NEGATIVE AUSWIRKUNGEN AUF DEN KÖRPER

Wie funktioniert die Pille?: Sie greift stark in den natürlichen Hormonhaushalt der Frau ein, indem sie den Eisprung unterdrückt – ein Eingriff, der für den Körper alles andere als “normal” ist. Der natürliche Menstruationszyklus ist ein wesentlicher Indikator für die allgemeine Gesundheit. Seine Unterdrückung kann langfristig zu schwerwiegenden Problemen führen. Dazu zählen unter anderem hormonelle Ungleichgewichte und eine verzögerte Rückkehr zur natürlichen Fruchtbarkeit nach dem Absetzen der Pille. Diese Folgen werden bei der Verschreibung oft nicht ausreichend thematisiert, obwohl es entscheidend ist, zu verstehen, was im Körper vor sich geht und welche Konsequenzen damit verbunden sein könnten.

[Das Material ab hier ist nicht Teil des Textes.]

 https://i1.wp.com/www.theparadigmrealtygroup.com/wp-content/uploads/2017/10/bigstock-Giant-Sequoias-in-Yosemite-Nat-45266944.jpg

DIE ÄRZTE MACHEN ES SICH LEICHT

Das Problem mit der schnellen Verschreibung der Pille liegt nicht nur in der fehlenden Aufklärung, sondern auch darin, dass es für Ärzt:innen schlichtweg die bequemste Lösung ist. Statt sich die Zeit zu nehmen, die individuellen gesundheitlichen Bedürfnisse der Patientin zu analysieren und alternative Verhütungsmethoden oder Behandlungsmöglichkeiten zu diskutieren, greifen viele einfach zur Standardlösung: der Pille. Bequemlichkeit – diese Zeitersparnis und Effizienz führt dazu, dass Frauen zu Entscheidungen gedrängt werden, die langfristige Auswirkungen auf ihre Gesundheit haben können. Das ist besonders problematisch, weil laut einer Studie der Bundeszentrale für gesundheitliche Aufklärung (BZgA) 80% der Befragten ihre Frauenärzt:in als wichtigste Informationsquelle für ihre angewendete Verhütungsmethode benennen. 

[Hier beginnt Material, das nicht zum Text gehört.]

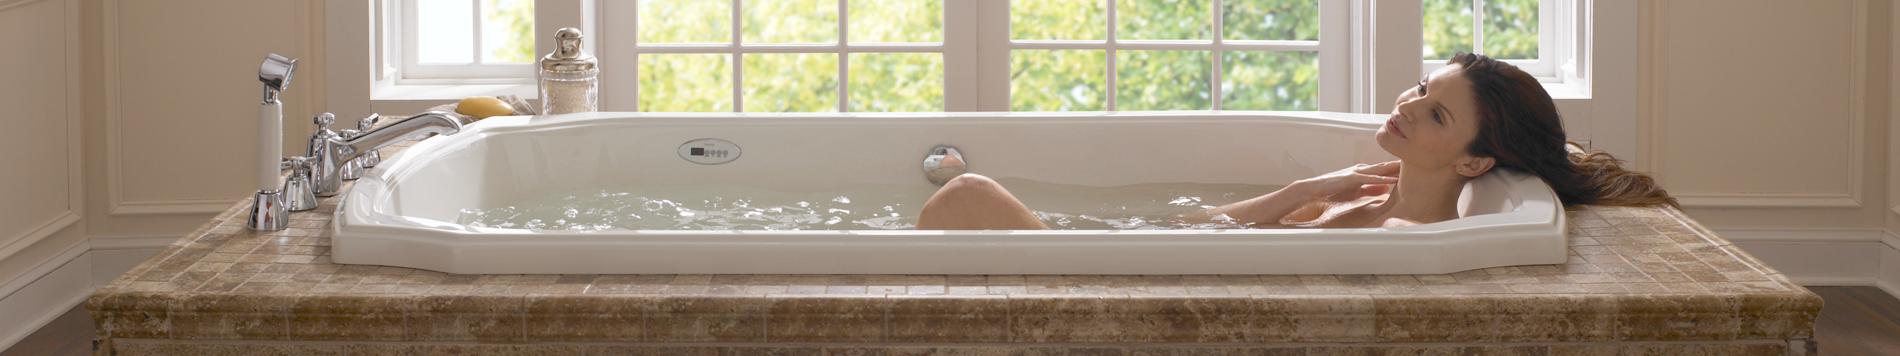 Baths - TotoUSA.com

DIE PILLE IST NICHT DIE EINZIGE VERHÜTUNGSMETHODE

Wenn über Verhütung gesprochen wird, muss auch über alternative Möglichkeiten gesprochen werden. Es gibt nicht die eine Lösung für alle, und es sollte auch nicht die Pille sein, die als Standardlösung für jede Frau gilt. Hormonelle Verhütung ist eine Option – aber eben nur eine von vielen. Die Pille darf nicht verschrieben werden, ohne dass sie sich bei einem ausführlichen und individuellen Beratungsgespräch als beste Verhütungsmethode herauskristallisiert hat. Ärzt:innen müssen sich die Zeit nehmen und Frauen mit dieser – sowieso schon schwierigen – Entscheidung auf rein subjektiver Ebene helfen. Und das ohne, einfach aus der Bequemlichkeit heraus, die Pille zu verschreiben.